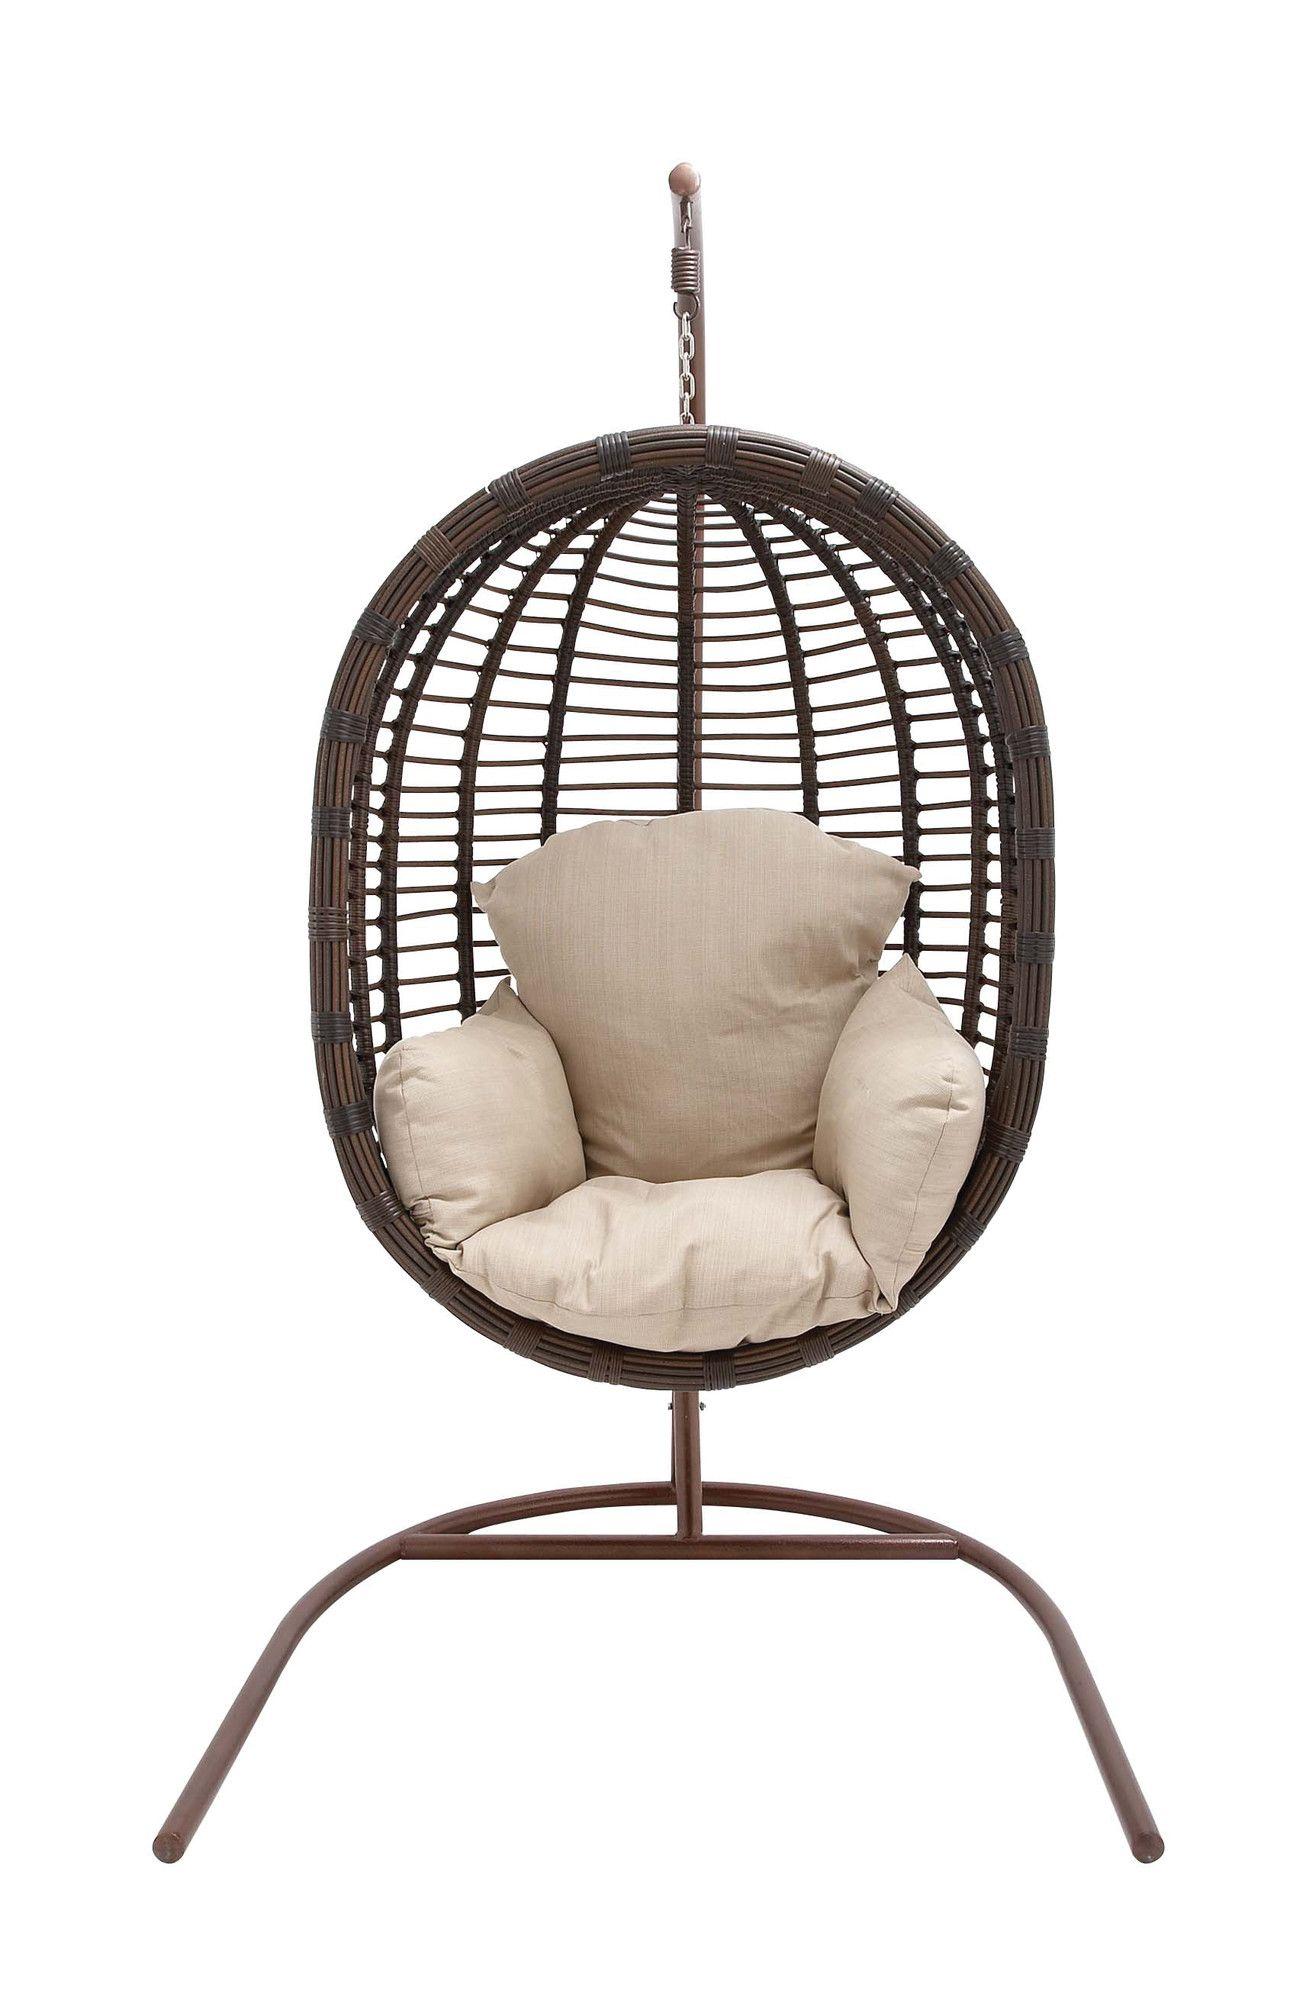 Mathilde Rattan Hanging Chair Swinging chair, Hanging
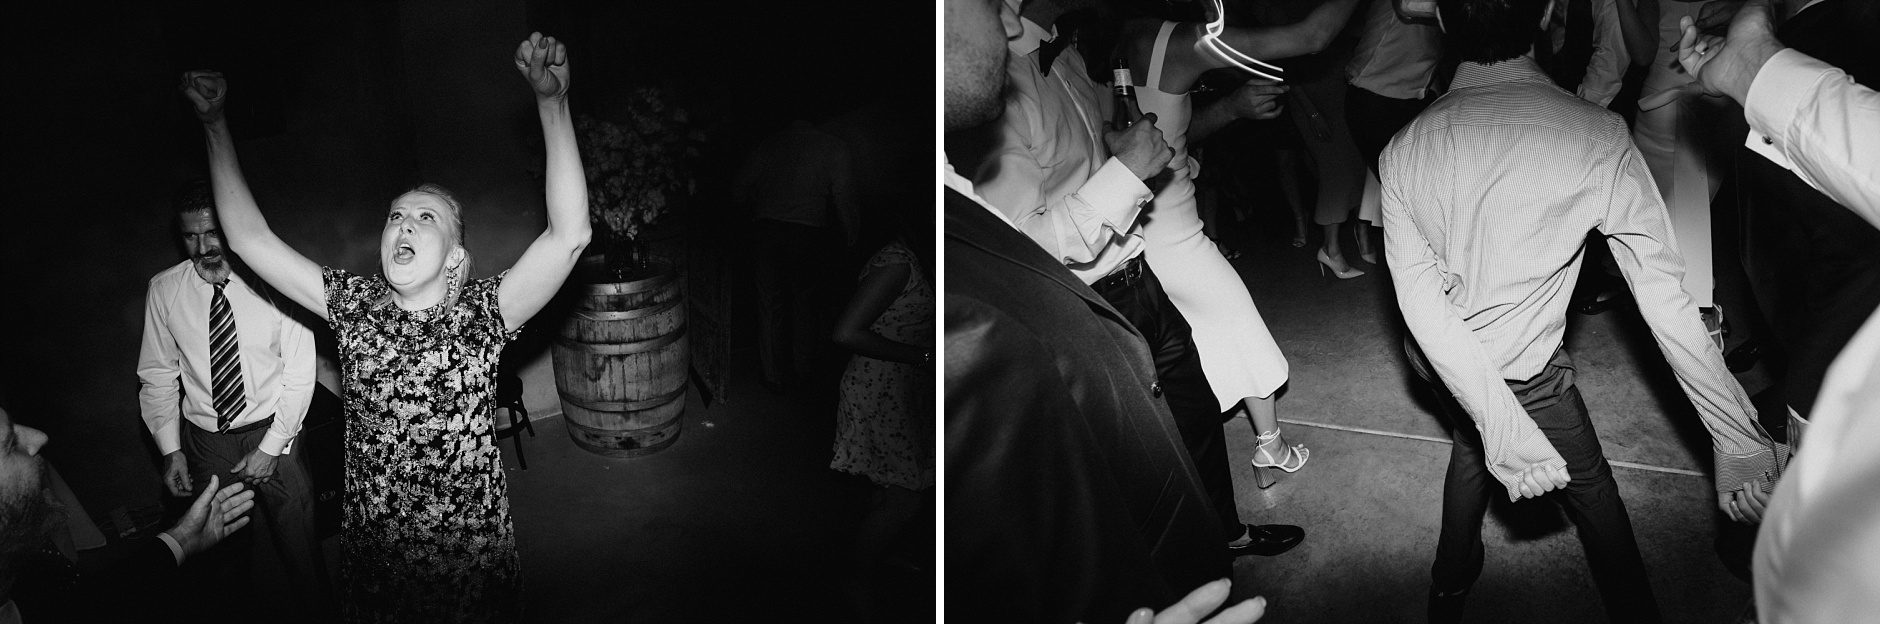 cassandra&cameron1315ab_Peppers-Creek-Wedding.jpg
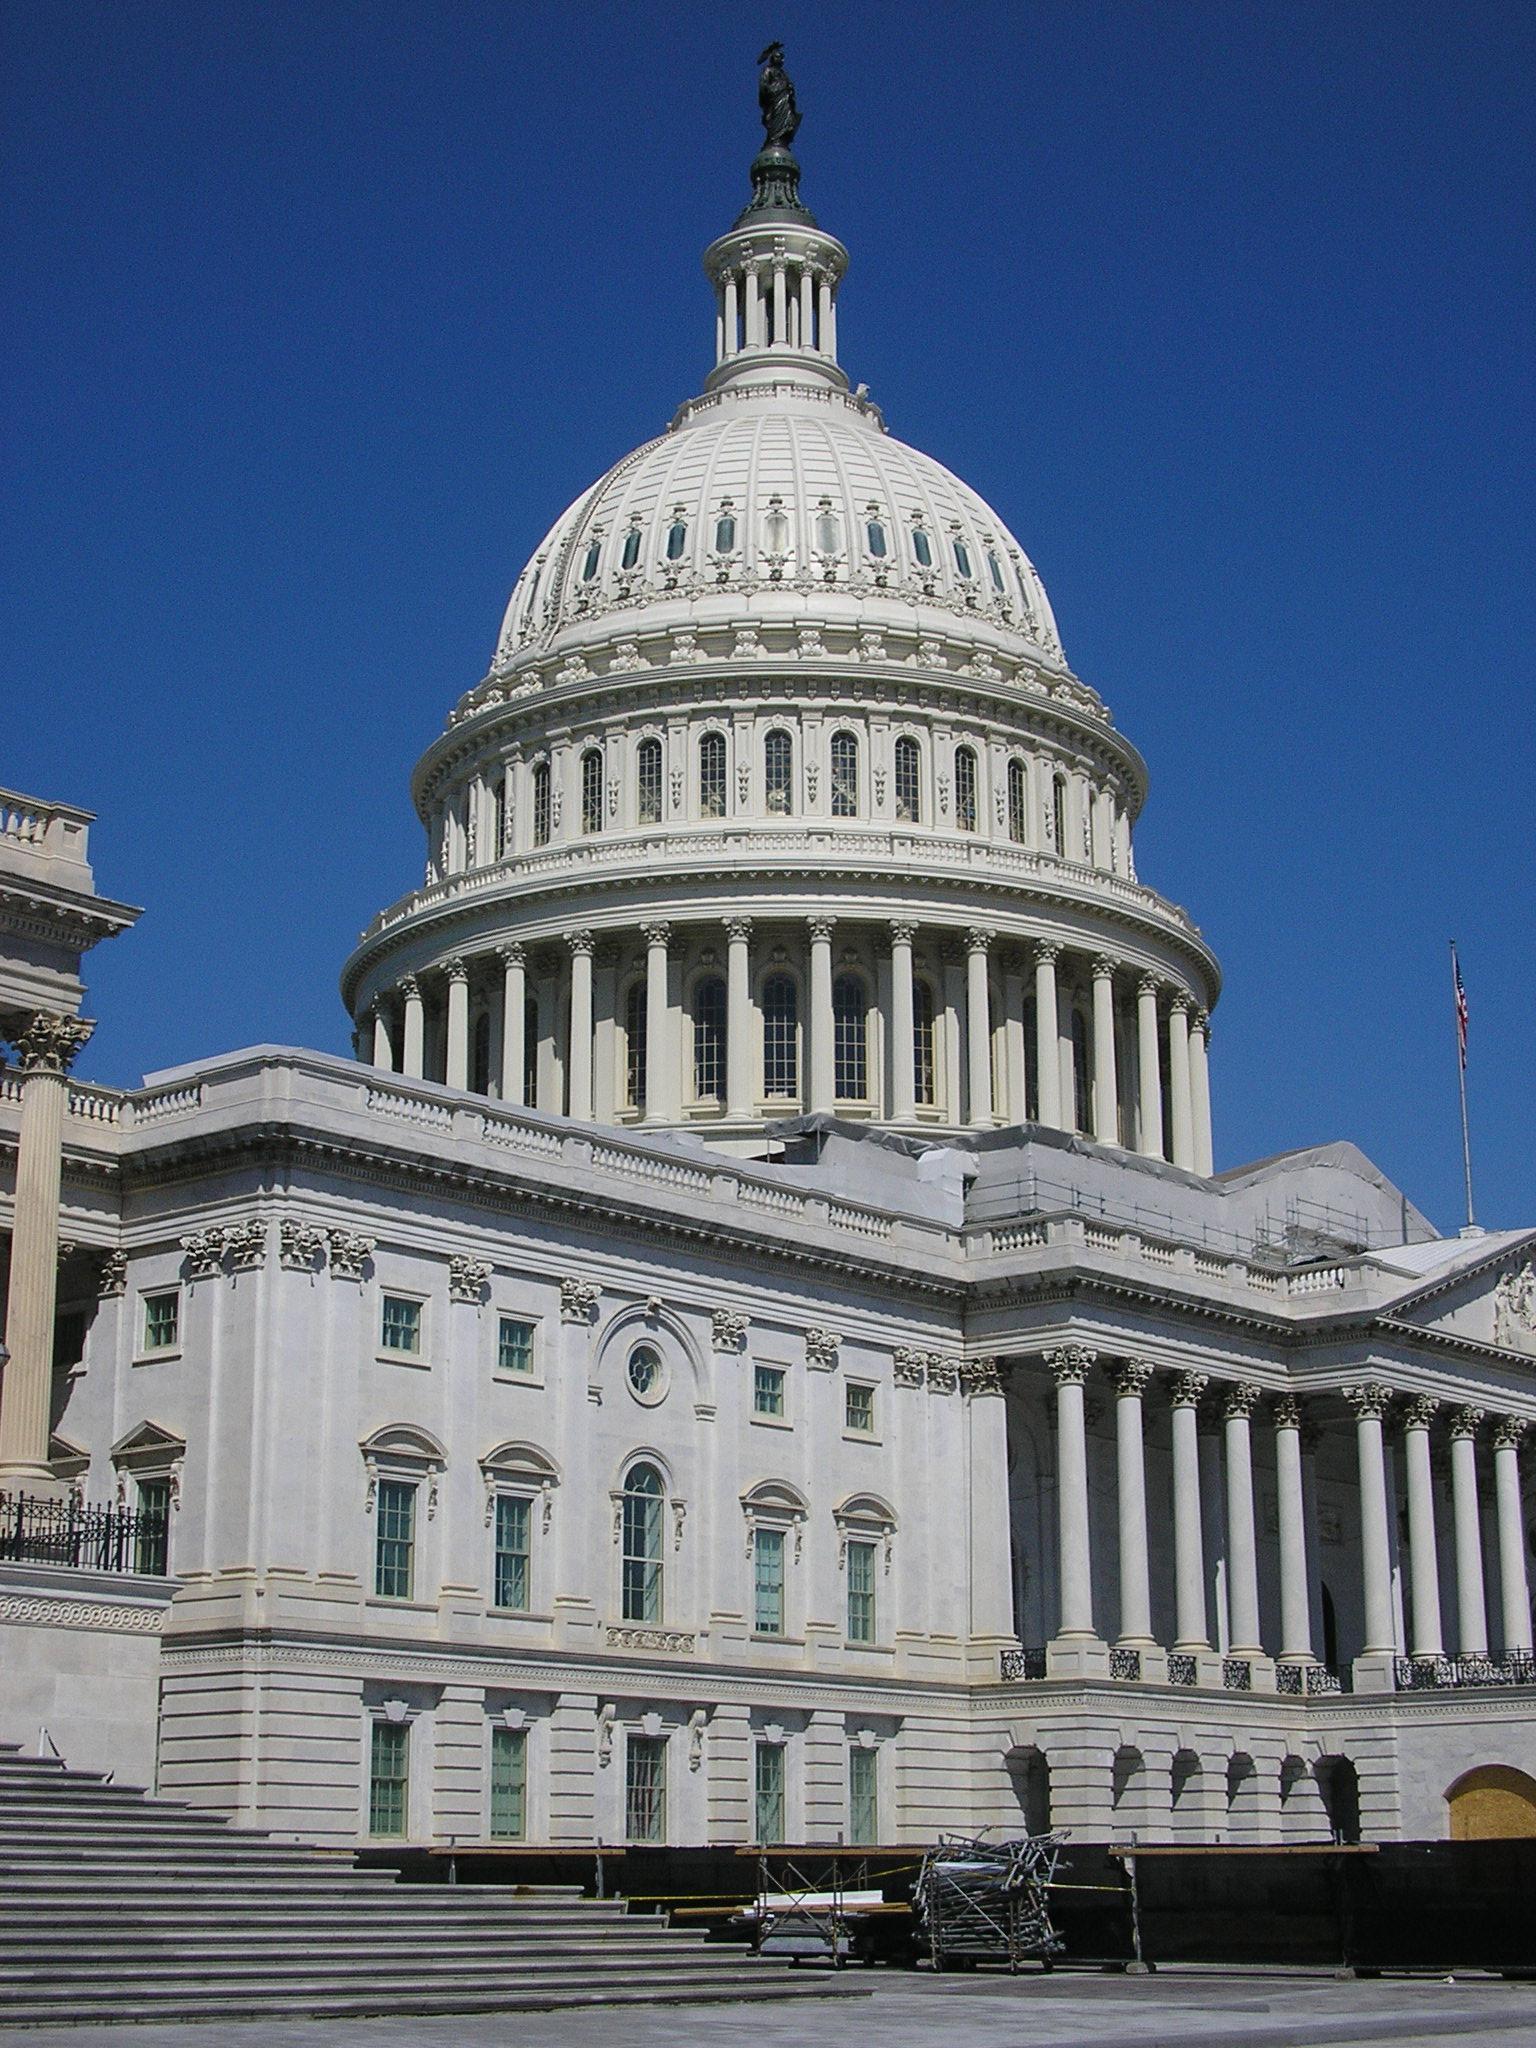 File:Washington 05 183.jpg - Wikimedia Commons

◆ ◆ ◆

Except for the pictures, the whole listing above should be transcribed exactly.

 Mathilde Rattan Hanging Chair Swinging chair, Hanging
 cassandra&cameron1315ab_Peppers-Creek-Wedding.jpg
 File:Washington 05 183.jpg - Wikimedia Commons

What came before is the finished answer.